Transformations Overview

1. Euclidean (Rigid) Transformation (3 DoF):

$$H_E = \left[ \begin{matrix} s r_{11} & s r_{12} & t_x \\\ s r_{21} & s r_{22} & t_y \\\ 0 & 0 & 1 \end{matrix} \right]$$

2. Similarity Transformation (4 DoF):

$$H_S = \left[ \begin{matrix} s_x r_{11} & s_x r_{12} & t_x \\\ s_y r_{21} & s_y r_{22} & t_y \\\ 0 & 0 & 1 \end{matrix} \right]$$

3. Affine Transformation (6 DoF):

$$H_A = \begin{bmatrix} s_x r_{11} & S_h x r_{12} & t_x \\\ S_h y r_{21} & s_y r_{22} & t_y \\\ 0 & 0 & 1 \end{bmatrix}$$

4. Projective Transformation (8 DoF)

$$H_P = \left[ \begin{matrix} h_{11} & h_{12} & h_{13} \\\ h_{21} & h_{22} & h_{23} \\\ h_{31} & h_{32} & h_{33} \end{matrix} \right]$$

Homography and Image Transformation

The transformation of images is typically defined as the projection mapping between images of the same planar object taken from different positions by distortion-free cameras. The Direct Linear Transformation (DLT) is one of the simplest methods to estimate homography.
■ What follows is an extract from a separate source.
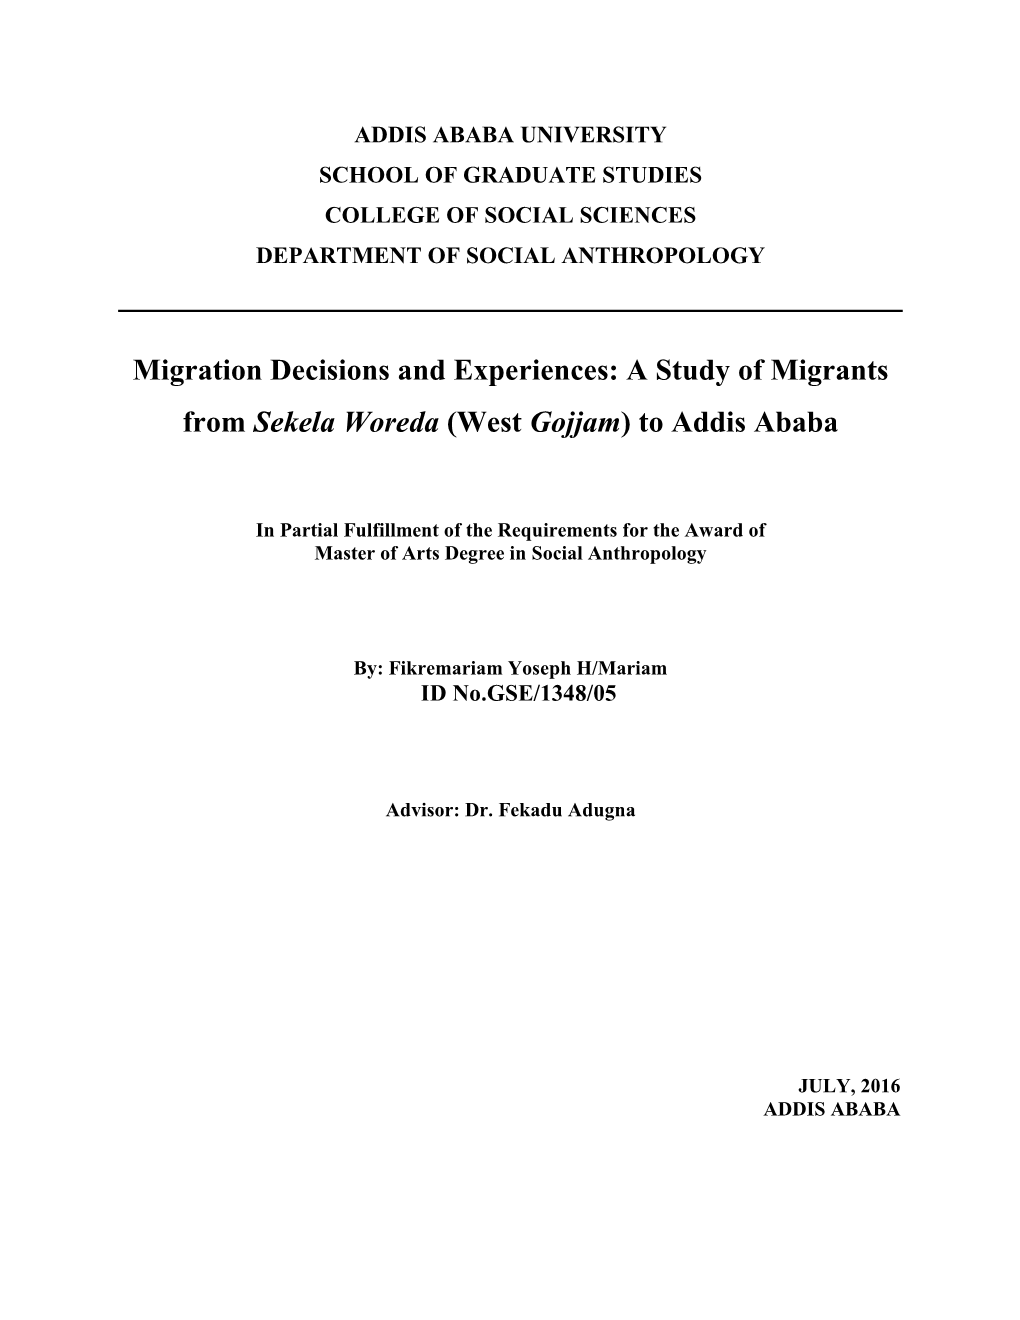 A Study of Migrants from Sekela Woreda (West Gojjam) to Addis Ababa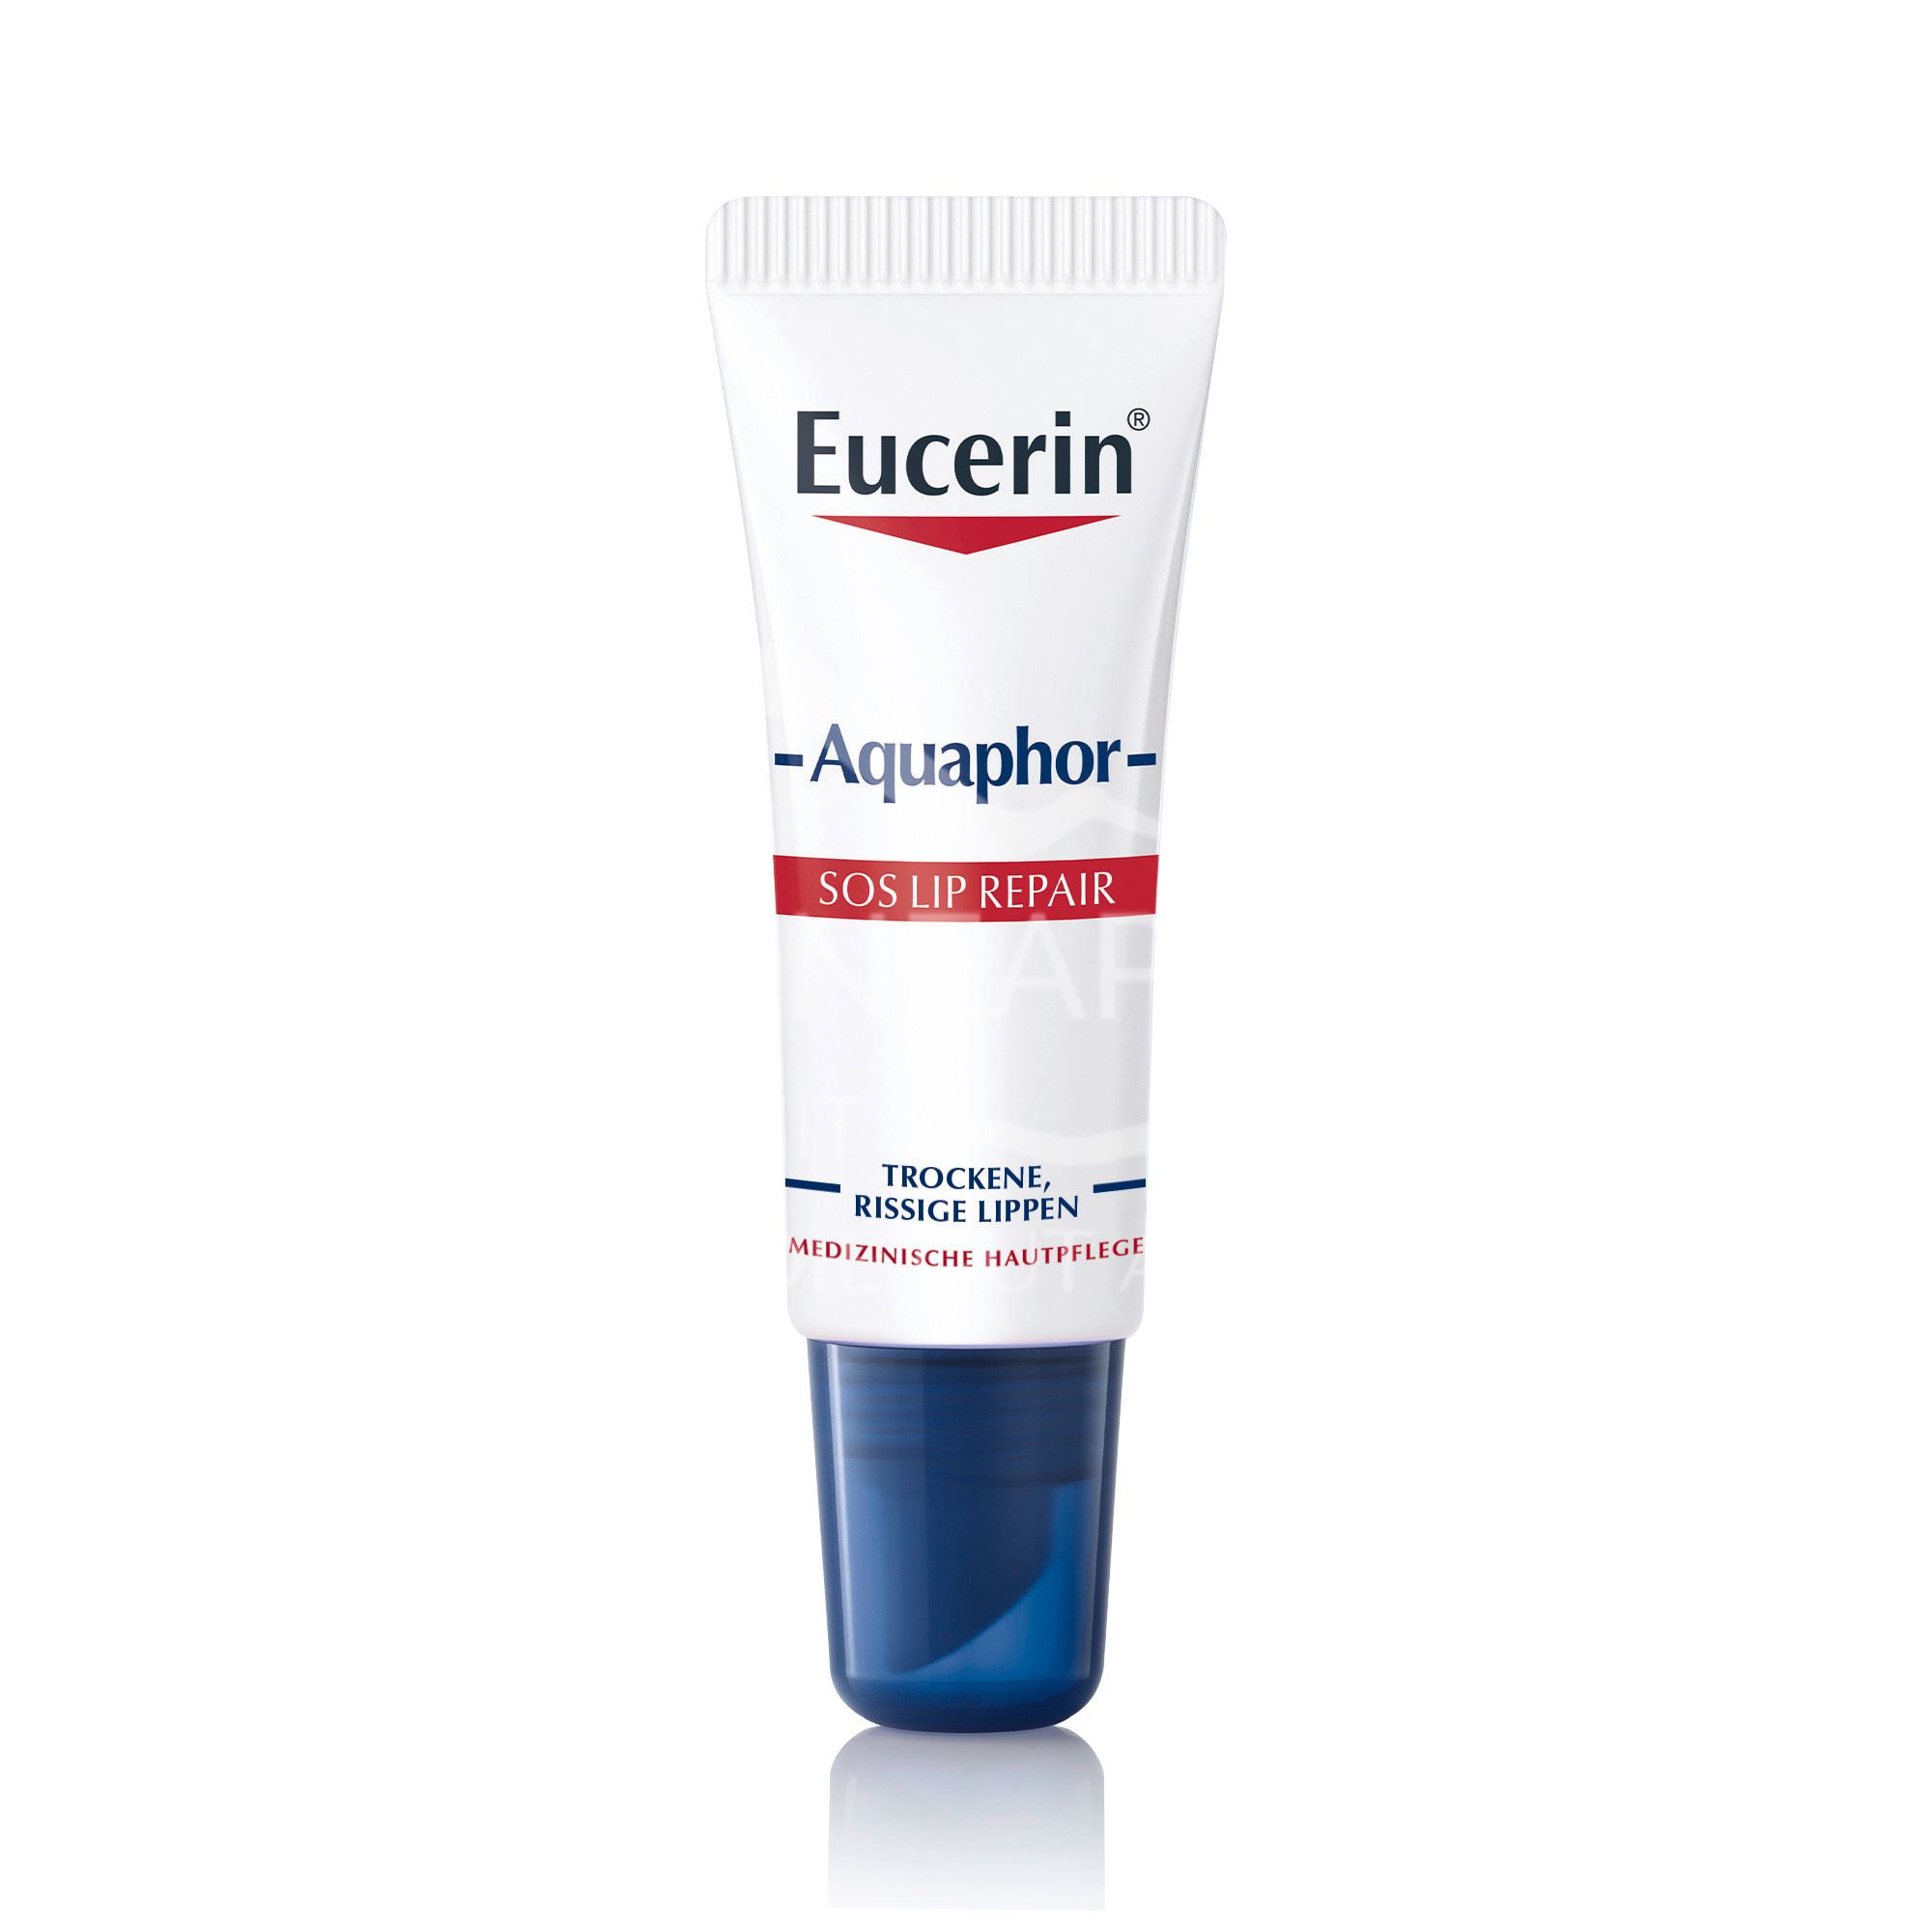 Eucerin® AQUAPHOR SOS Lip Repair

Given homogeneous coordinates $(u, v, 1)$ in the first image and $(u', v', 1)$ in the second image, we have:

$$\left[ \begin{matrix} u' \\\ v' \\\ 1 \end{matrix} \right] = \left[ \begin{matrix} h_{11} & h_{12} & h_{13} \\\ h_{21} & h_{22} & h_{23} \\\ h_{31} & h_{32} & h_{33} \end{matrix} \right] \left[ \begin{matrix} u \\\ v \\\ 1 \end{matrix} \right]$$

Expanding:

The equations for the transformed coordinates $(u', v')$ in homogeneous coordinates are given by:

$$u' = h_{11} u + h_{12} v + h_{13}$$ $$v' = h_{21} u + h_{22} v + h_{23}$$ $$1 = h_{31} u + h_{32} v + h_{33}$$

Further, by multiplying the denominator to the left, we can transform the equations into:

$$(h_{31} u + h_{32} v + h_{33}) u' = h_{11} u + h_{12} v + h_{13} \\$$ $$(h_{31} u + h_{32} v + h_{33}) v' = h_{21} u + h_{22} v + h_{23} \\$$ $$\Rightarrow 0 = h_{11} u + h_{12} v + h_{13} - h_{31} u' u - h_{32} u' v - h_{33} u' \\$$ $$\Rightarrow 0 = h_{21} u + h_{22} v + h_{23} - h_{31} v' u - h_{32} v' v - h_{33} v'$$

This is a pair of homogeneous equations (since the right hand side is zero).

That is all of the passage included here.